--- What to work on ---
The data that follows is to be copied exactly, with each image removed.

--- Provided material ---

□ □ □ □

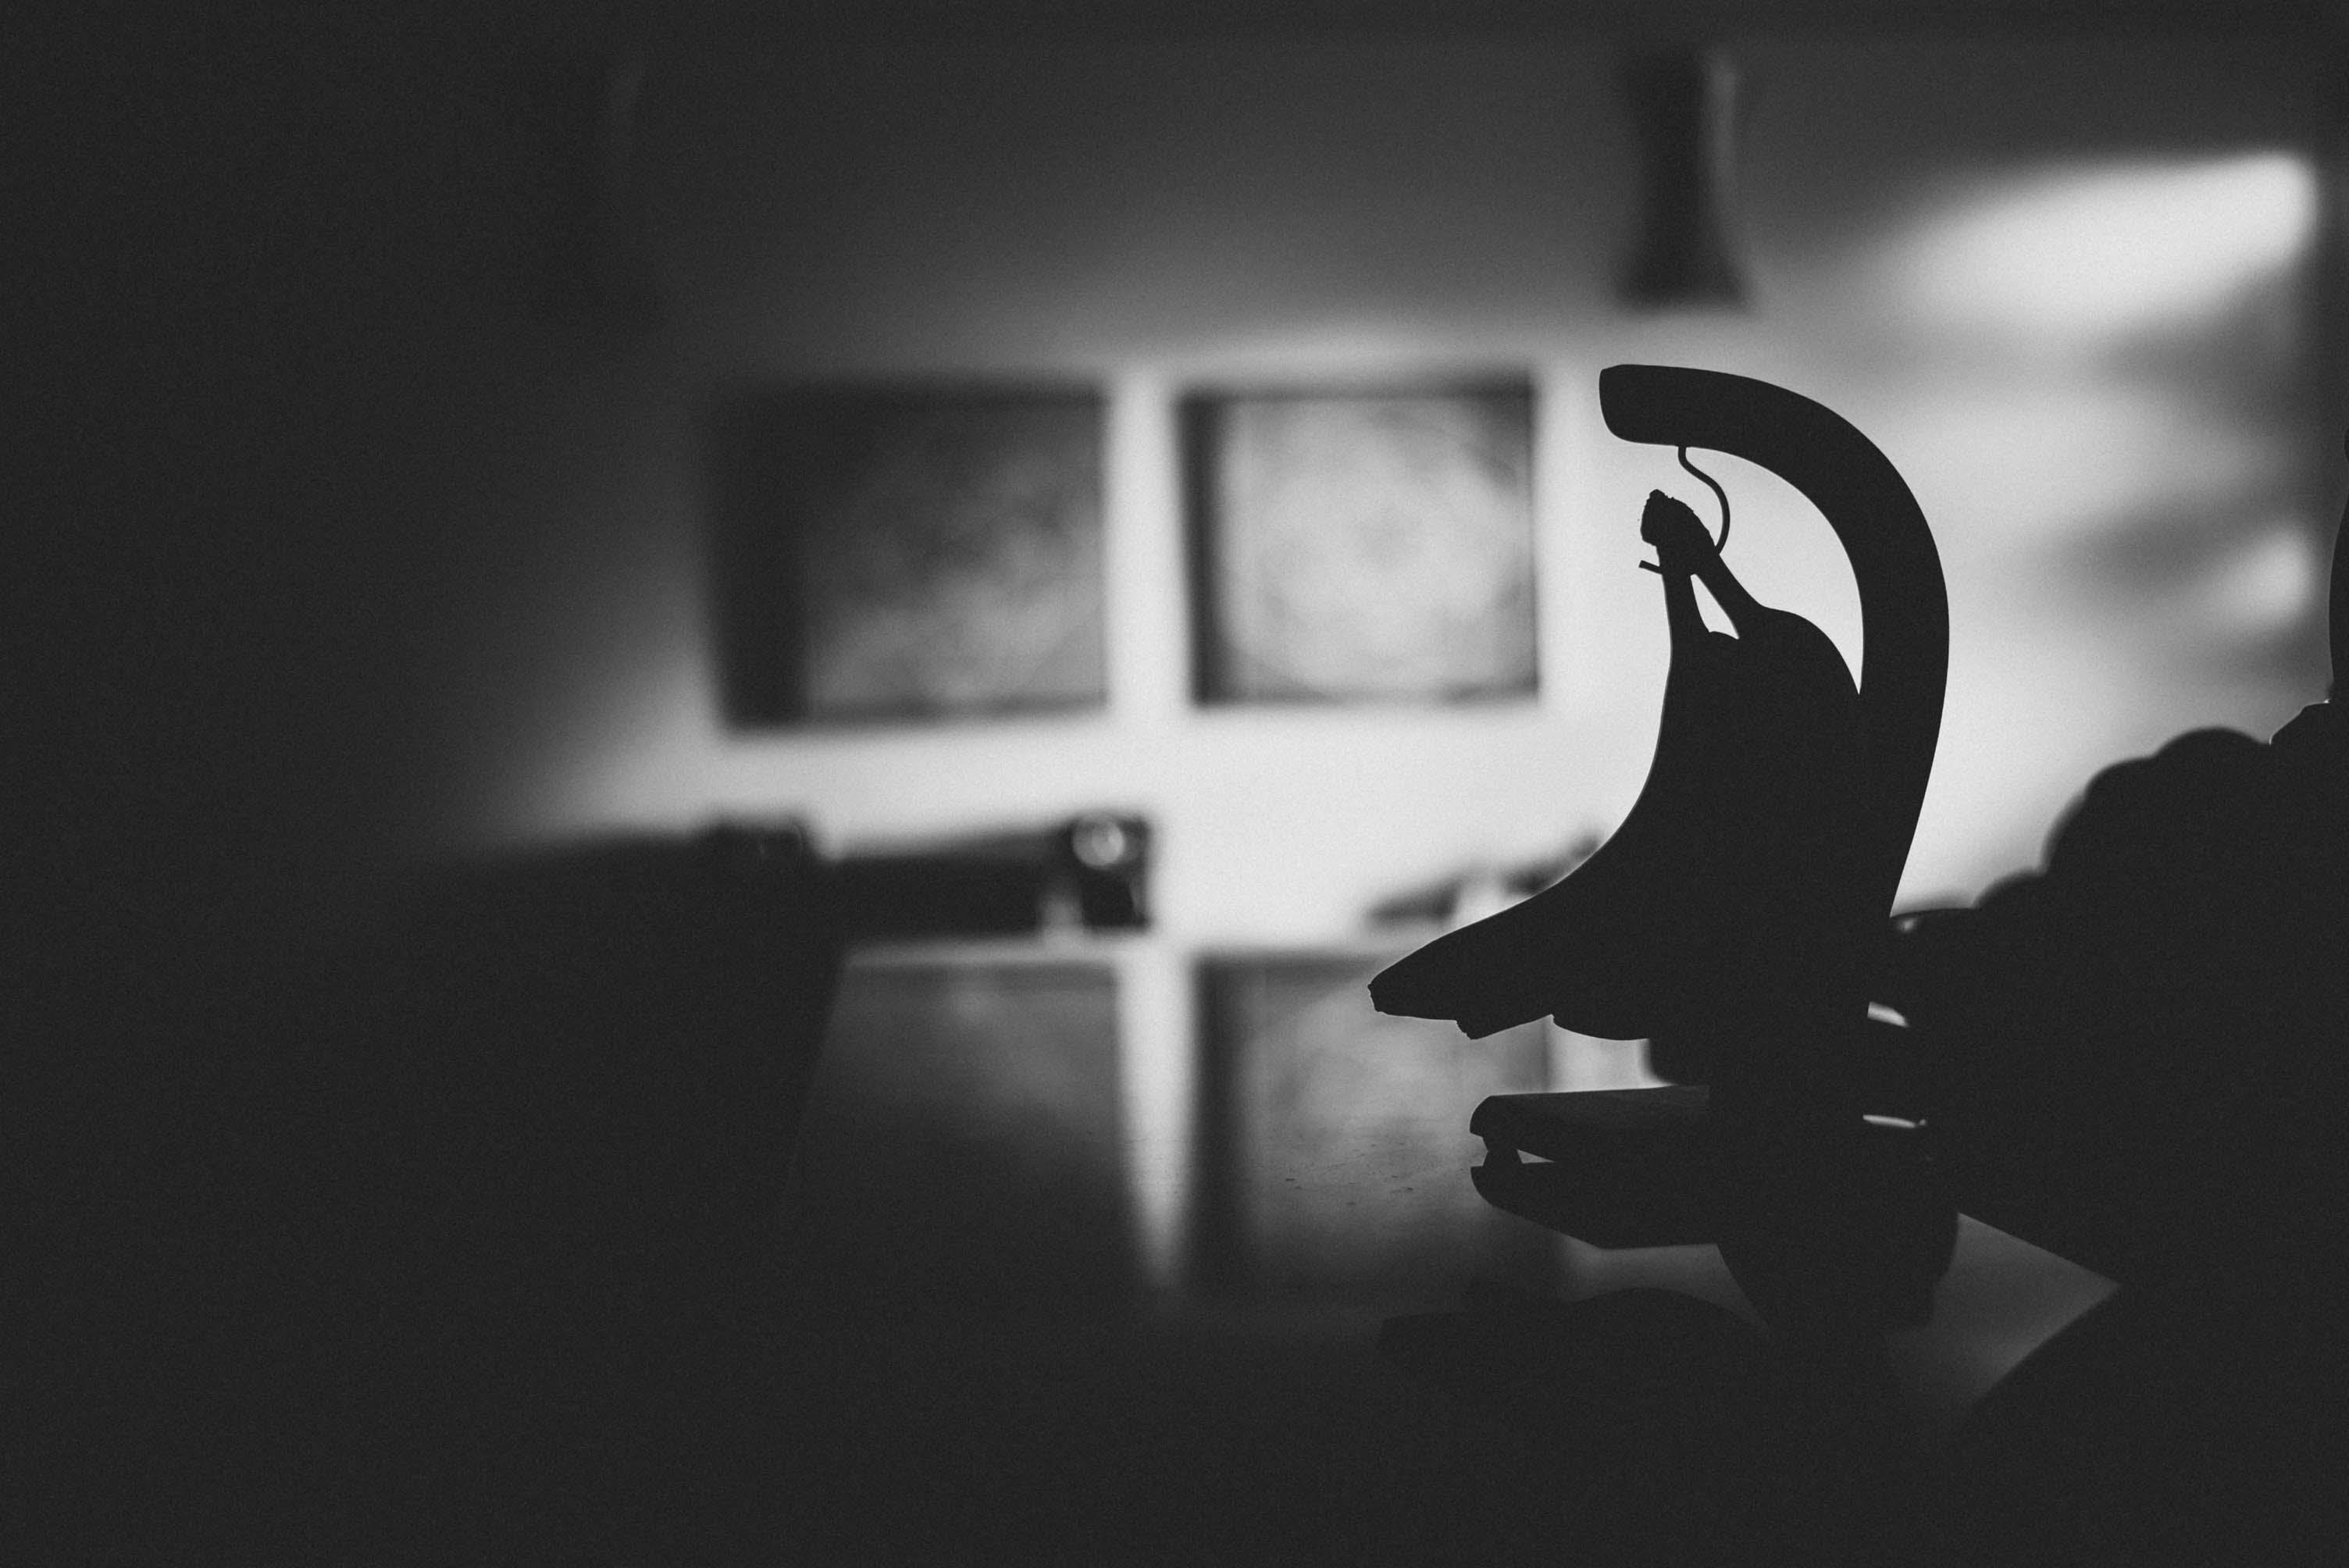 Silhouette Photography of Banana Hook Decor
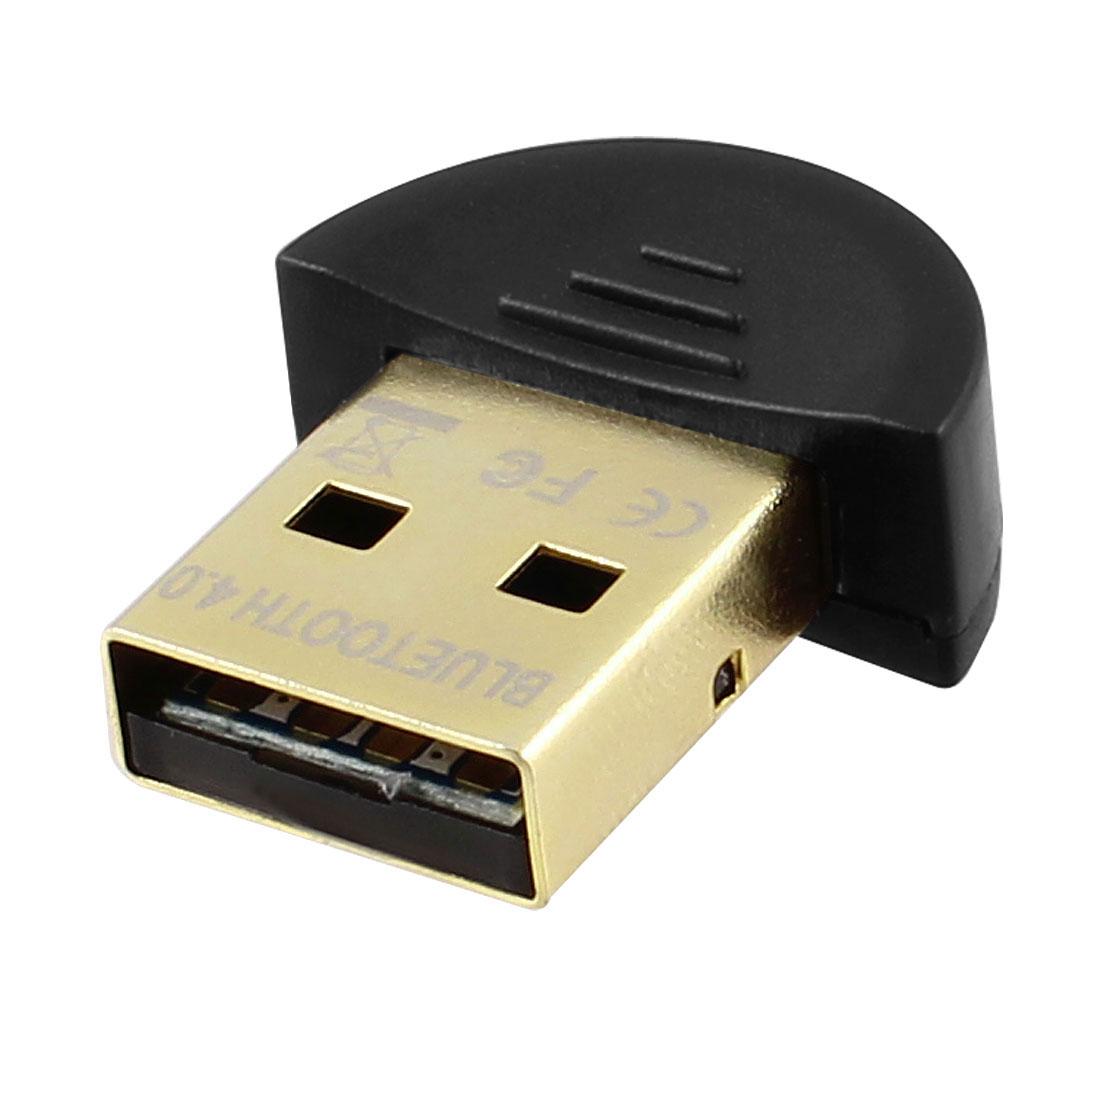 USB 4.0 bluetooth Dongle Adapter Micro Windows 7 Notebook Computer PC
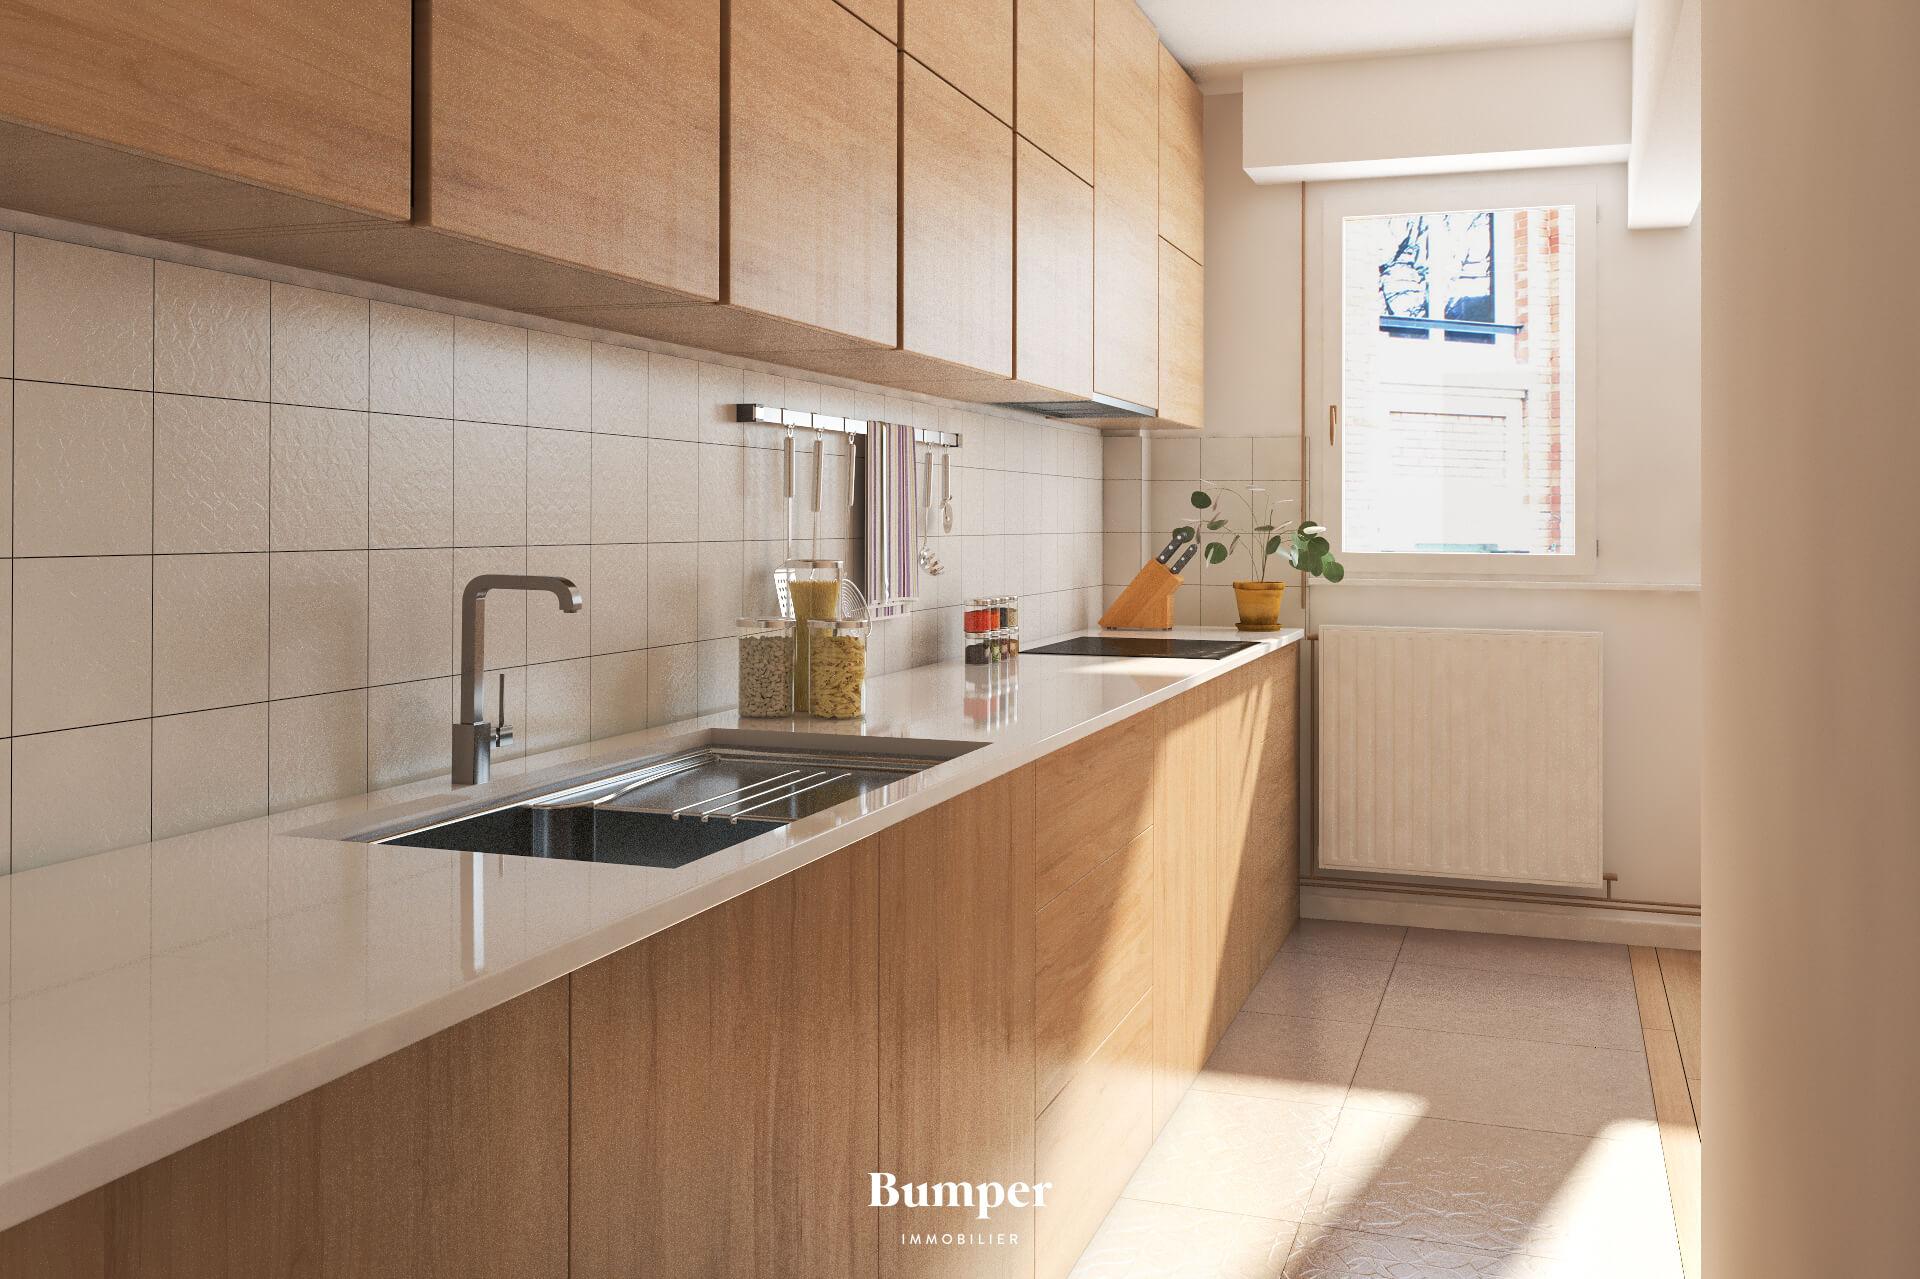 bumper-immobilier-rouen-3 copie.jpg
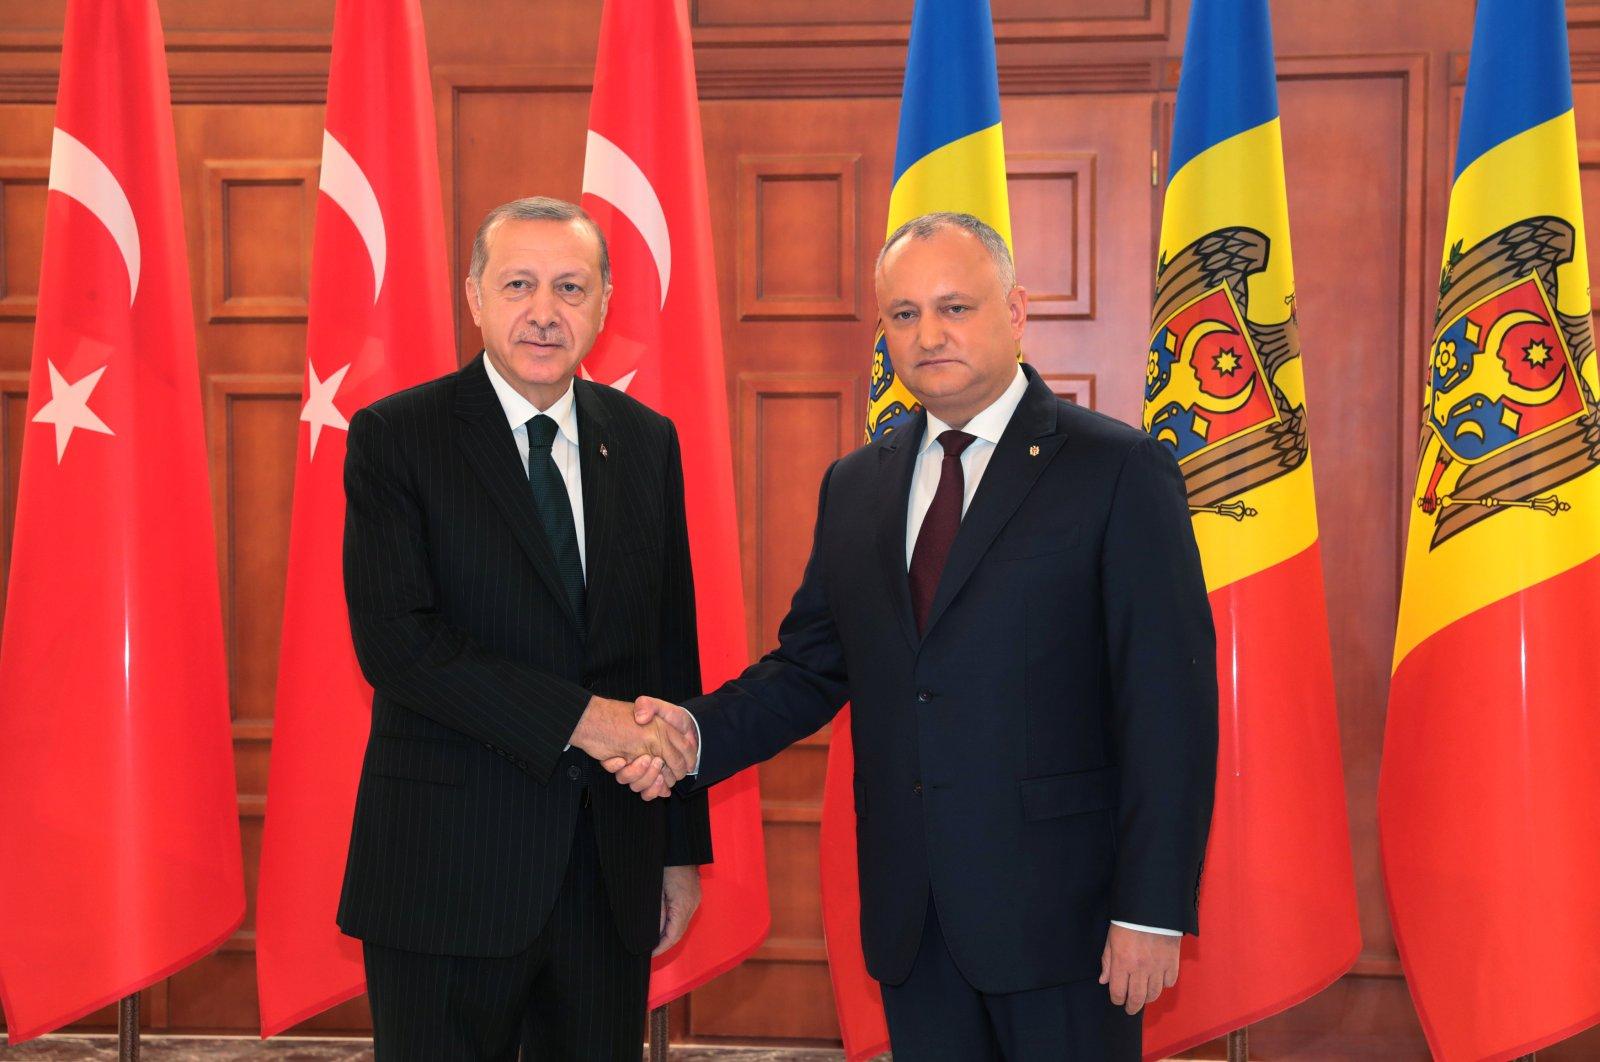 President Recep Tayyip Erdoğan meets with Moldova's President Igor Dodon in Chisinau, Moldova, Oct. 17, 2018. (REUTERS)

□ □ □ □

--- Task result ---
 Silhouette Photography of Banana Hook Decor
 USB 4.0 bluetooth Dongle Adapter Micro Windows 7 Notebook Computer PC
 bumper-immobilier-rouen-3 copie.jpg
 President Recep Tayyip Erdoğan meets with Moldova's President Igor Dodon in Chisinau, Moldova, Oct. 17, 2018. (REUTERS)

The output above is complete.